Роман Невыносимый глава Глава 34

— Да вот еще! — излишне ярко реагирует Тая на мое заявление, тем самым подтверждая мои догадки. — Ревнуют любимых, а ты в эту категорию не входишь! И вообще… Если твоими словами, ты тогда тоже, получается, меня ревнуешь? — прищуривается.

Усмехаюсь.

— Разве я тебе не объяснил свою точку зрения насчет того очкарика? — припоминаю ветеринара и произошедшее с ним. — Как и сказал тебе недавно, если тебе что-то мешает, просто избавься от этого. Станет гораздо проще, — припоминаю и свои слова. — К примеру, если тебя так заботит тема возможных шлюх, могла бы просто позвонить и спросить, где я и с кем. А если так припекает, прийти и удостовериться, я тебе не запрещал. И хотя да, шлюхи там были, они не мои. Тех, с кем я встречался. Иногда так случается, что собеседников особо выбирать не приходится.
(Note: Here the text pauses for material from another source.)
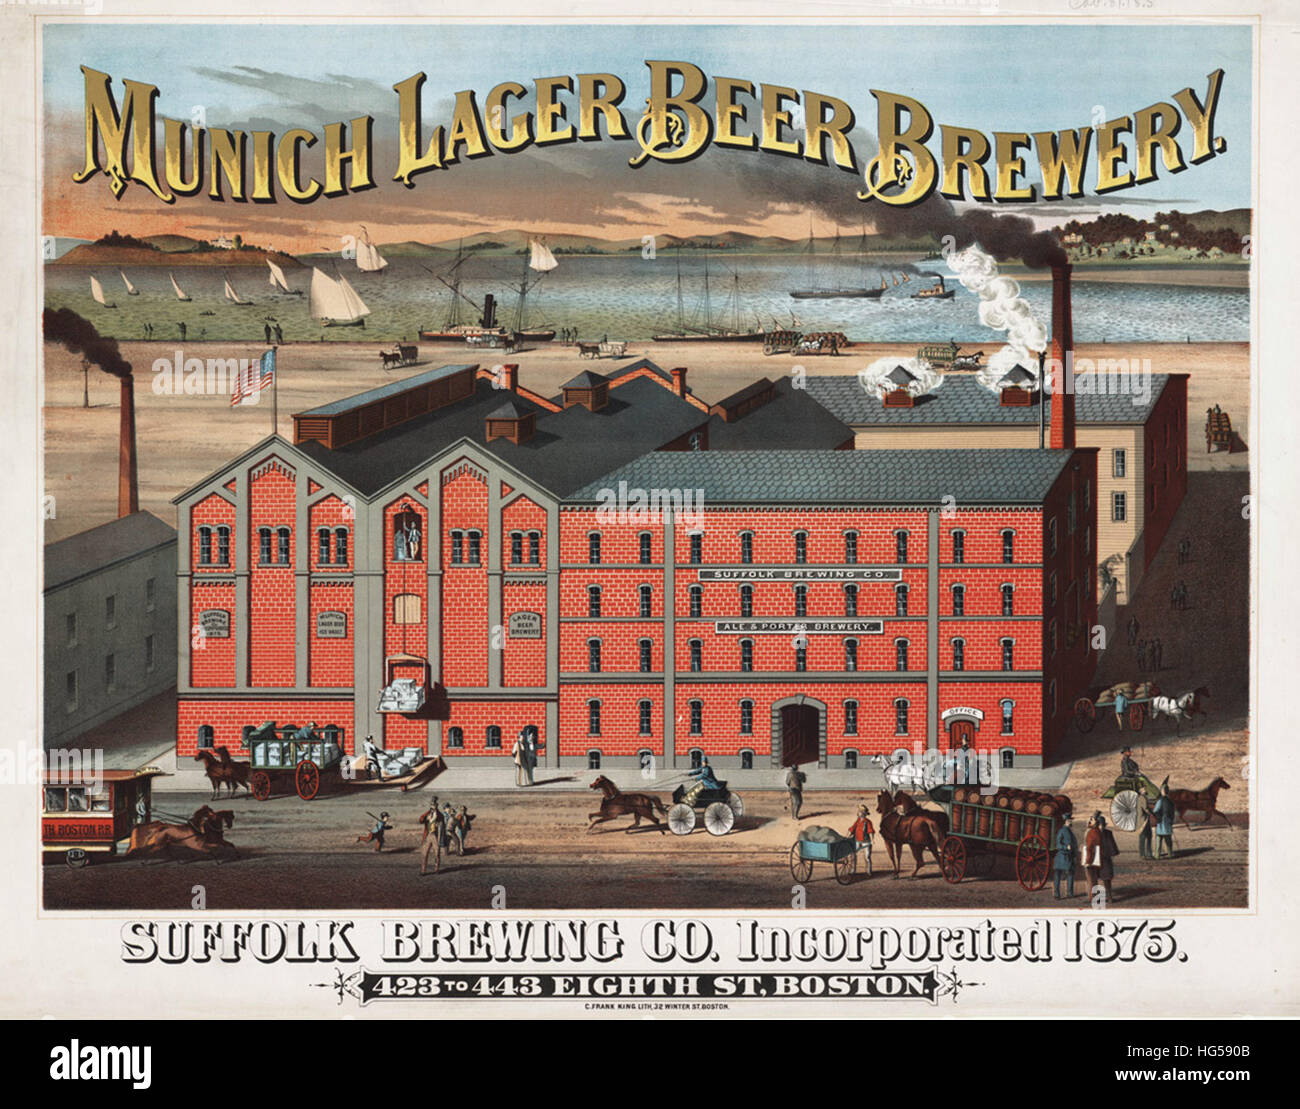 Boston Brewery Affiches - Munich lager beer Brewery. Suffolk Brewing Co., constituée en 1875, 423 à 443 8 St, Boston Banque D'Images

Не то чтобы я ей в самом деле позволил присутствовать при разговоре, но дождаться окончания, в поле зрения — вполне.

— Да? Значит, мне можно будет присутствовать на всех твоих последующих сделках? Договорились! — улыбается победно, пусть и немного мрачно. — И с очкариком тем у меня между прочим и в мыслях не было что-то затевать, — добавляет язвительно. — А ты набросился на него, как ненормальный ревнивый Отелло! Так что нечего меня обвинять в том, в чем сам грешен!

Ненормальный — тут не спорю. Слишком часто меня поглощает ярость, такая уж у нас семейная черта, плюс поганый характер. Хотя получил очкарик не из-за моей вероятной ревности, скорее для того, чтобы чуял границы дозволенного.

Но и хрен с ним…

Если не догоняет, не вижу смысла повторять дважды.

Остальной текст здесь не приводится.